Saturday, 13 February 2016

The second unluckiest footballer in the world


 
The second unluckiest footballer in the world

On the 12th day of April 1967 a crowd of 75,000 squeezed into Celtic Park to watch the European cup semi-final first leg between Celtic and Dukla Prague. History records that Jock Stein’s Celtic side took a massive step towards their date with destiny in Lisbon with a fine 3-1 win. On that same day a fine player and former opponent of Celtic passed away. The death of Sam English barely made it into the Scottish sporting press that week entranced as they were by Celtic’s audacious assault on the European Cup. Later that same week less than a hundred mourners turned out at Cardross Crematorium to mark the passing of Sam, a man inextricably linked to one of the most tragic events in the Celtic story.

Those of you who are of a Celtic persuasion won’t need reminding why 5th September 1931 was a day of lamentation for all who follow the green.  On that day Rangers met Celtic at Ibrox stadium and in the 50th minute of a tense match an accident occurred which took the life of Celtic’s wonderfully gifted young goalkeeper, John Thomson.

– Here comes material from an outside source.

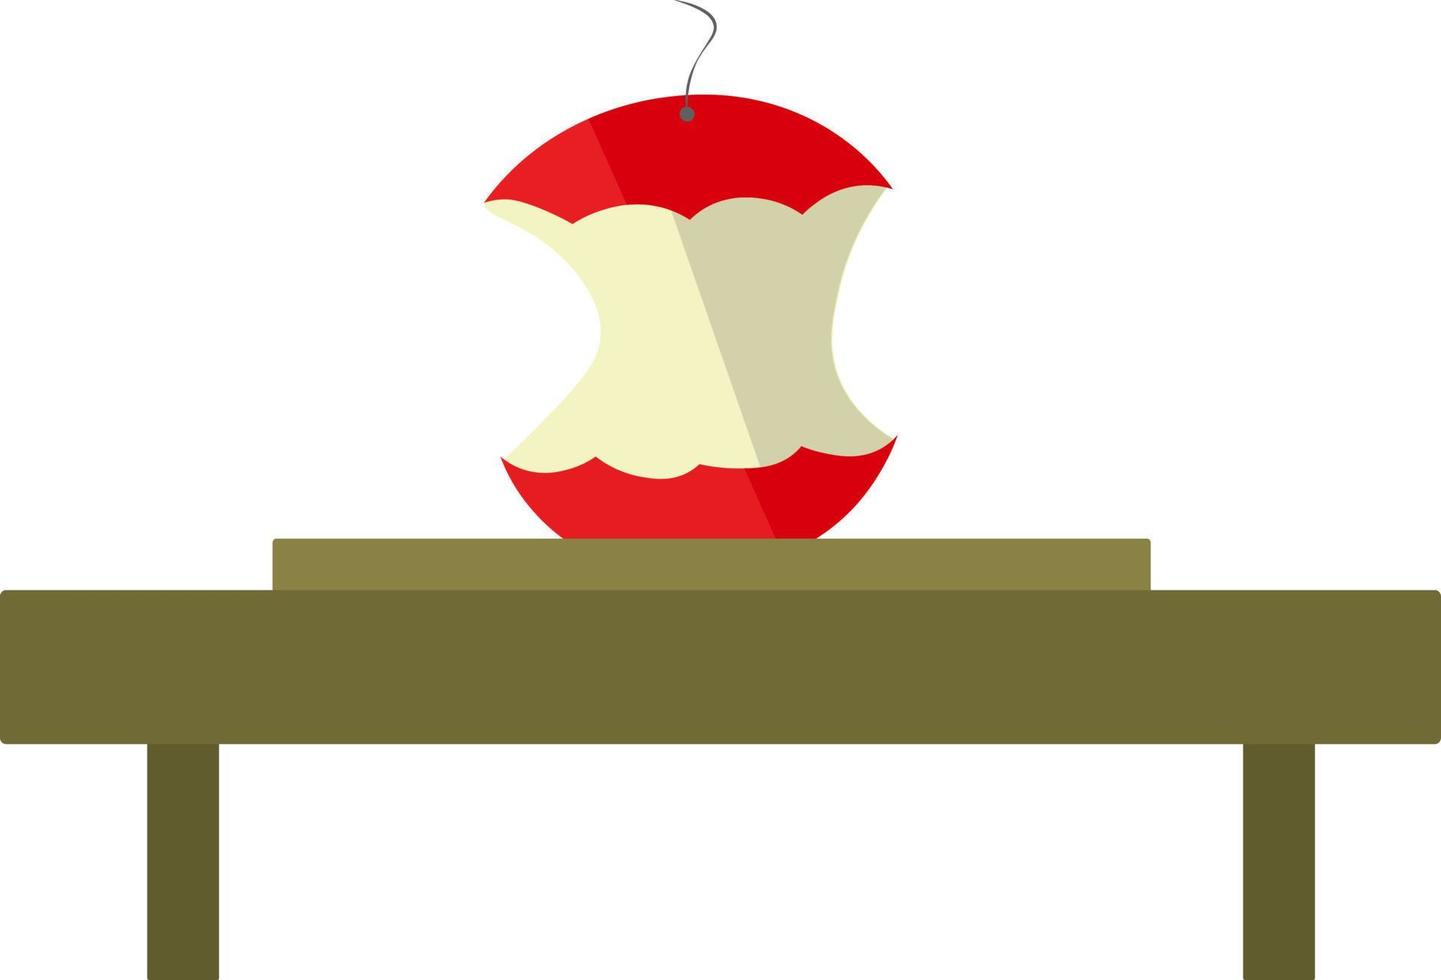 Bitten apple, illustration, vector on white background.

The young Fife born keeper was just 22 years old and on the cusp of a career which promised great things. He had already played over 200 games for Celtic and distinguished himself as a graceful, athletic and fearless goalkeeper. He had also broken into the Scotland side and looked destined for greatness. Of course that awful collision with young Rangers forward Sam English ended Thomson’s life and also had a profound effect on the young Irishman for the rest of his days.

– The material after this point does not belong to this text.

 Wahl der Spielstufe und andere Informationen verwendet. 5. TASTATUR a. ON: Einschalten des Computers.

No one who has seen the film of the accident or read the reports of the official inquiry can reach any conclusion other than that a dreadful accident occurred at Ibrox on that September day 85 years ago. English had chased a through ball with characteristic speed and Thomson, seeing the danger had launched himself bravely at the ball. No one was to blame for the consequences of their collision. It was just one of those sets of circumstances which sometimes lead to injury but on that particular day led to tragedy. English was selected by Bill Struth to play in the Rangers team throughout that season as it was felt that he should get on with his career. Both he and Rangers Captain Meiklejohn visited John Thomson’s parents and there was no ill will whatsoever. Indeed Mr and Mrs Thomson had a letter published in a local newspaper in the days after John’s funeral which stated clearly that Sam English was blameless in the death of their son.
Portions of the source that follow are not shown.